Gov. Rick Scott starts second year in office with adjusted image, agenda
Rick Scott begins his second year as governor surrounded by savvier advisers, stalked by persistently dismal poll numbers and converted to spending a lot more money on schools.
What hasn't changed is Scott's determination to fulfill the mandate that put him in charge of the nation's fourth-largest state.
"In the end, it's all jobs," Scott said in a Times/Herald interview. "Jobs is what's going to change everything."
Narrowly elected in 2010 as an outsider with $75 million of his own money and no political experience, Scott has learned in painfully public ways that governing the state of Florida is complicated.
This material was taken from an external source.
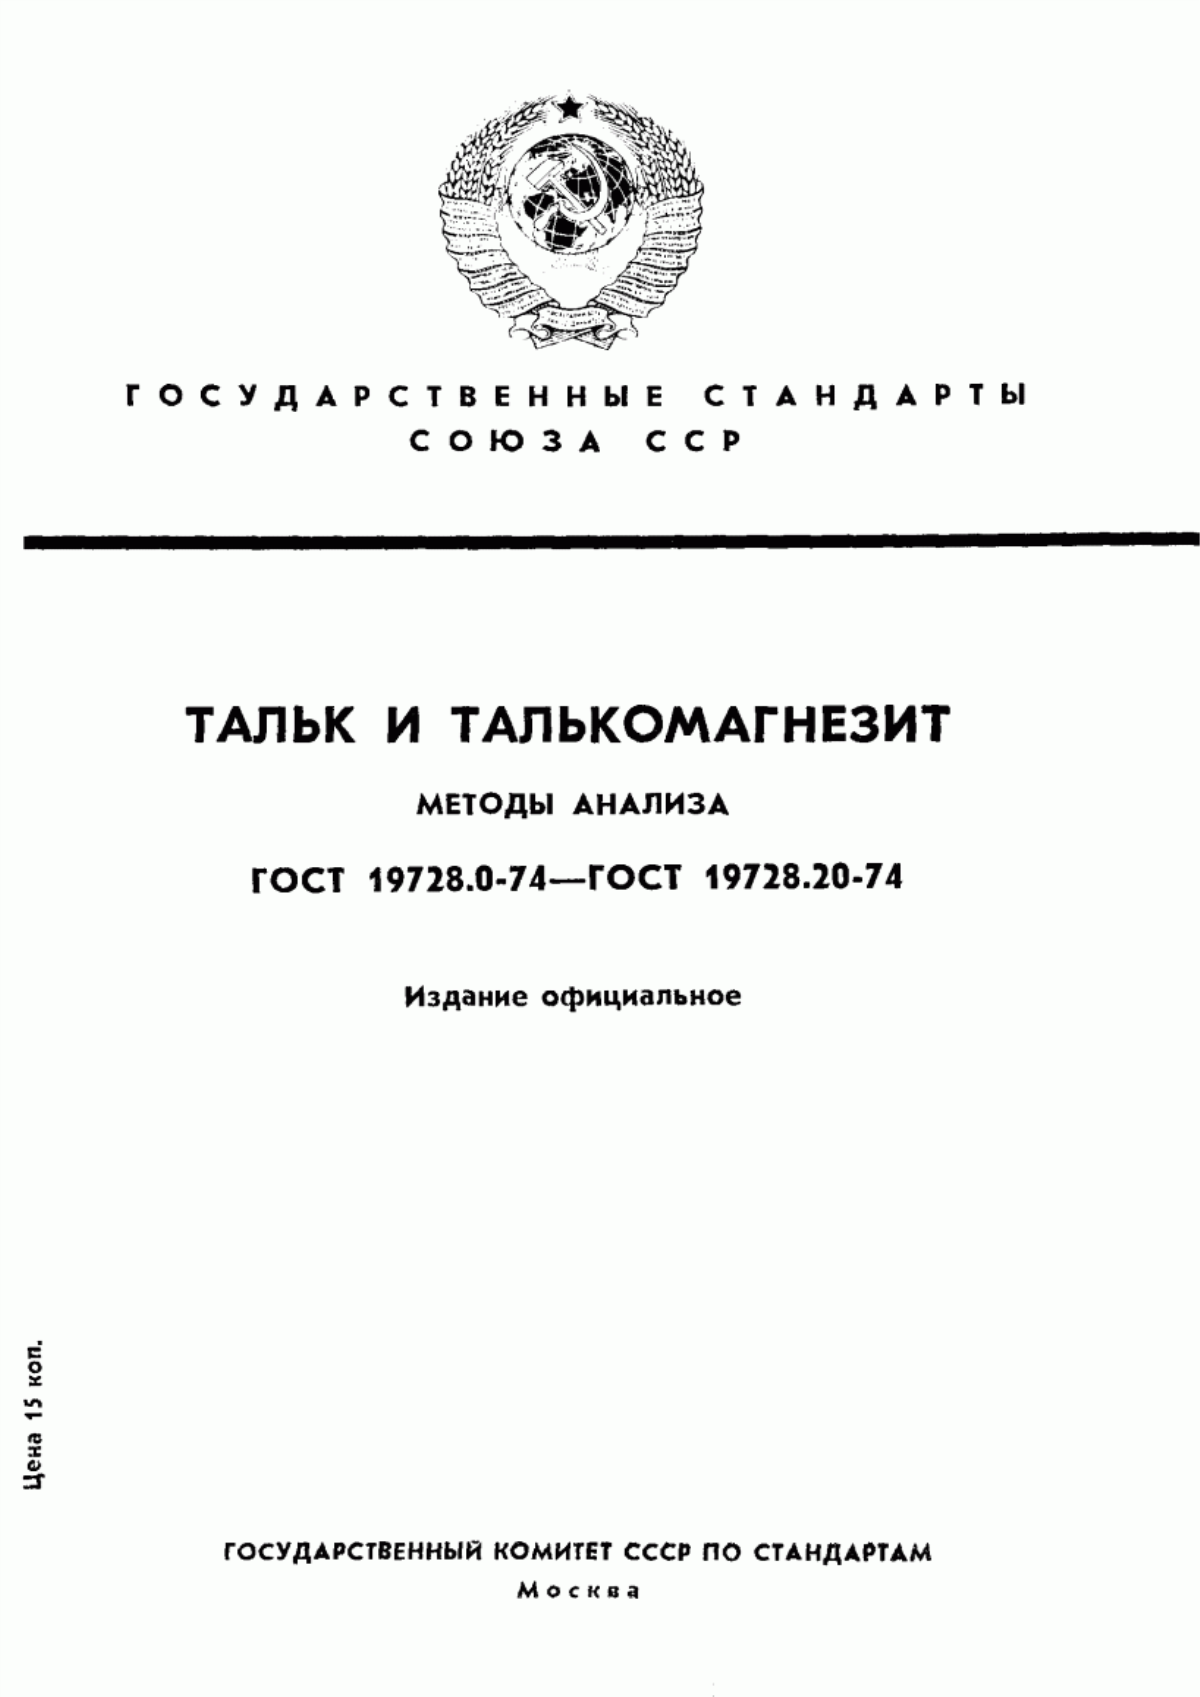 ГОСТ 19728.0-74 Тальк и талькомагнезит. Общие требования к методам анализа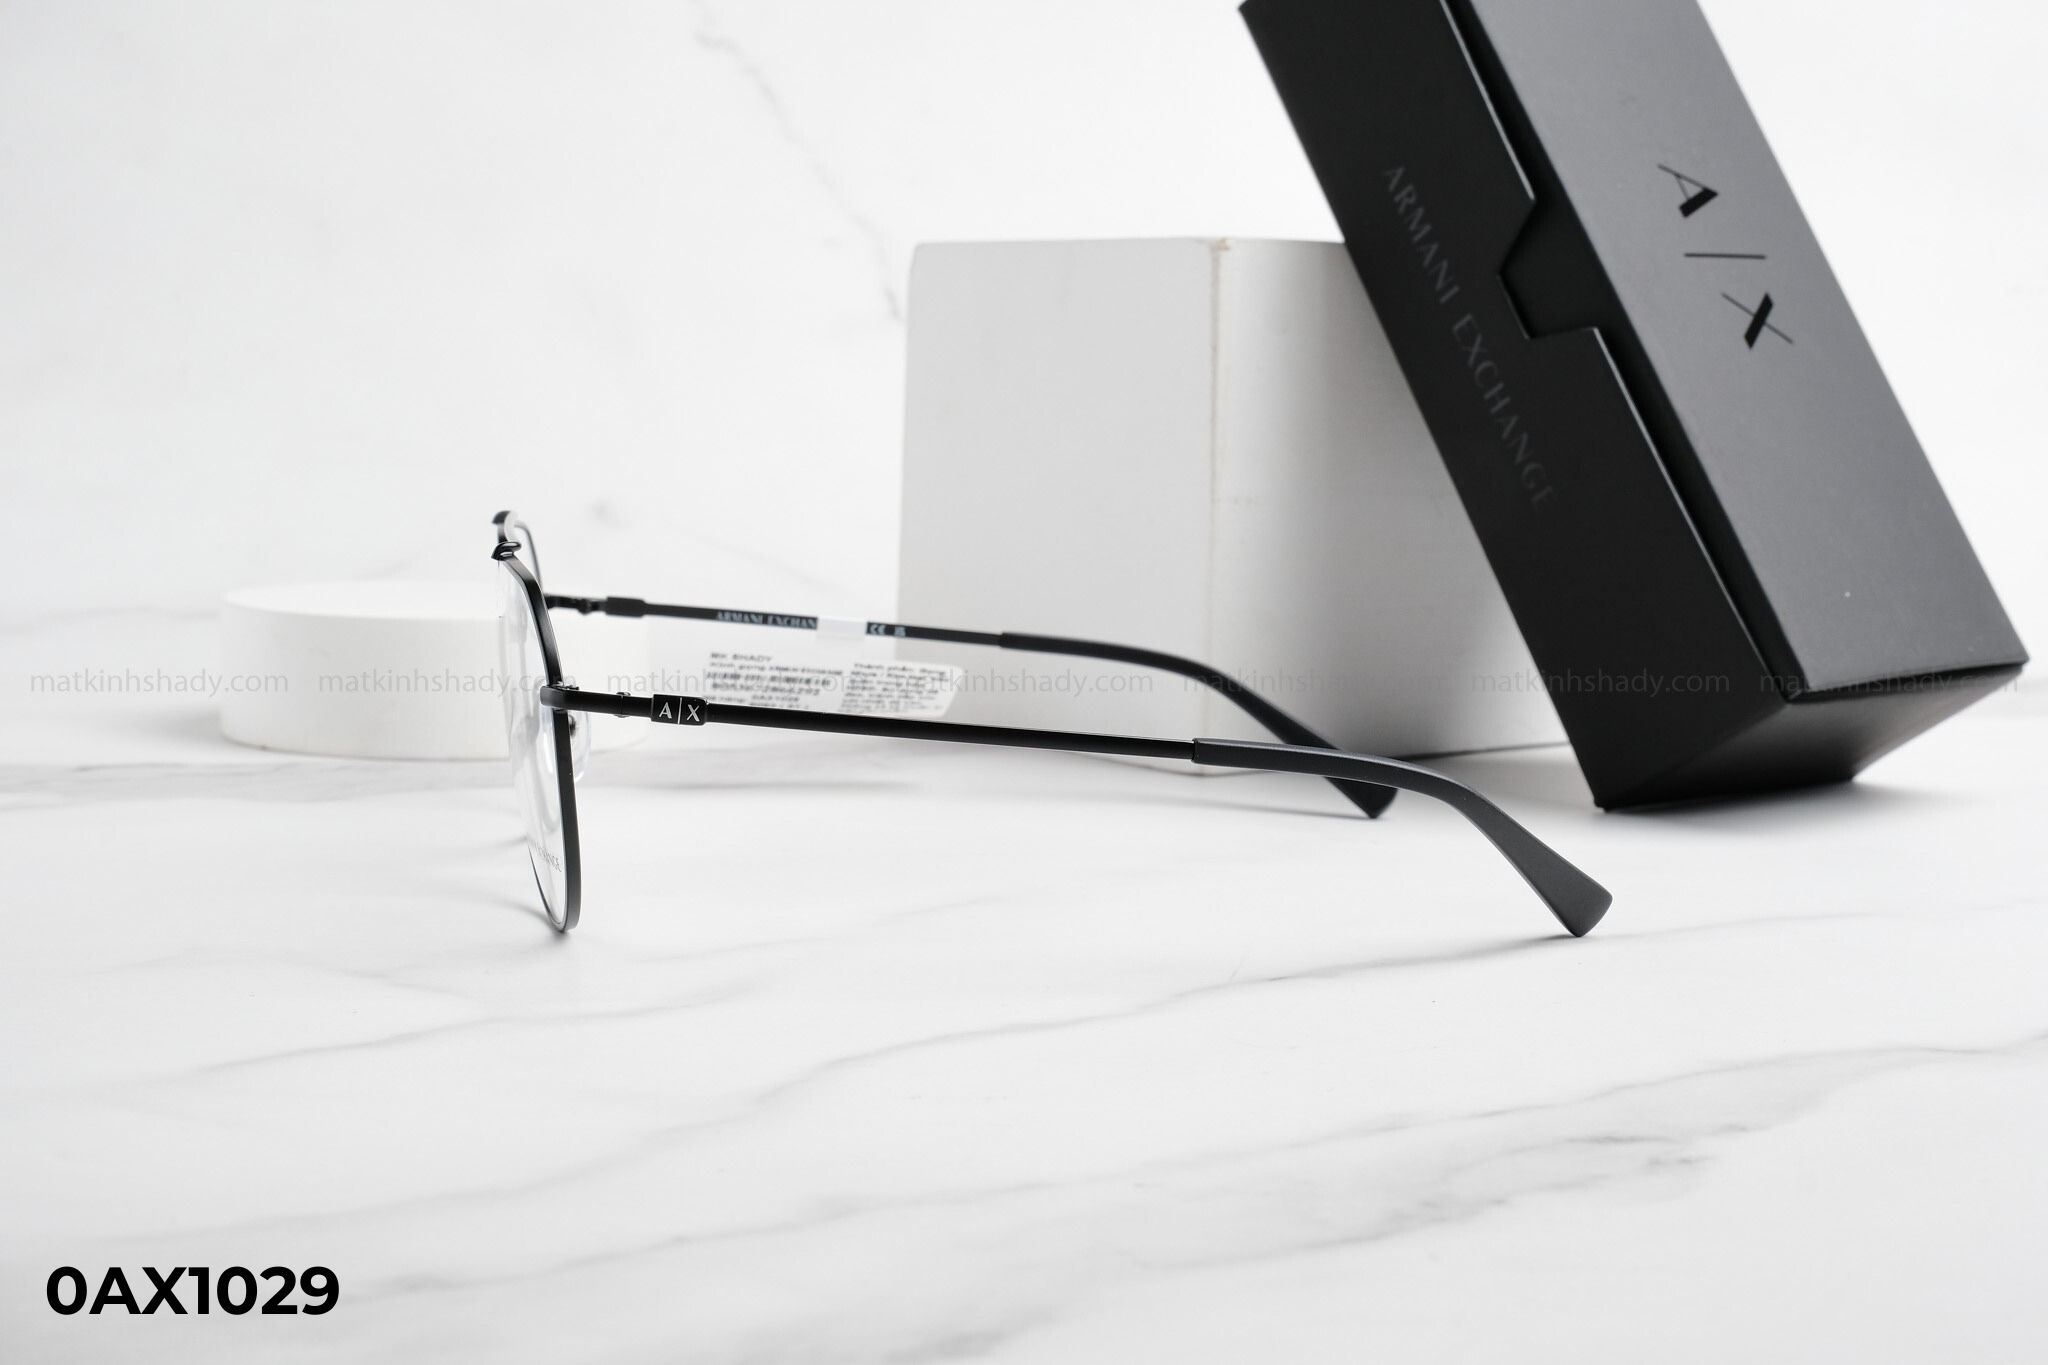  Armani Exchange Eyewear - Glasses - 0AX1029

He backtracked on his biggest campaign promise to create more jobs than what state economists had predicted. The band of outsiders that followed him into power is mostly gone. And a state law enforcement agency is trying to find out why Scott's transition emails disappeared when, by law, they should have been kept.
Florida's unemployment rate has fallen by 2 percentage points, but it's still in double digits. At Scott's direction, lawmakers refused to raise taxes or fees to cover a budget shortfall — in contrast to 2009, when Republicans hiked taxes and fees by more than $2 billion.
Scott reorganized Florida's cannibalized job-creation programs, reduced state debt for the first time in two decades, began a gradual phase-out of the corporate income tax and forced public employees to contribute to their pensions, a change now the focus of a lawsuit by employee unions.
"Pretty much everything I ran on, we got done," Scott said.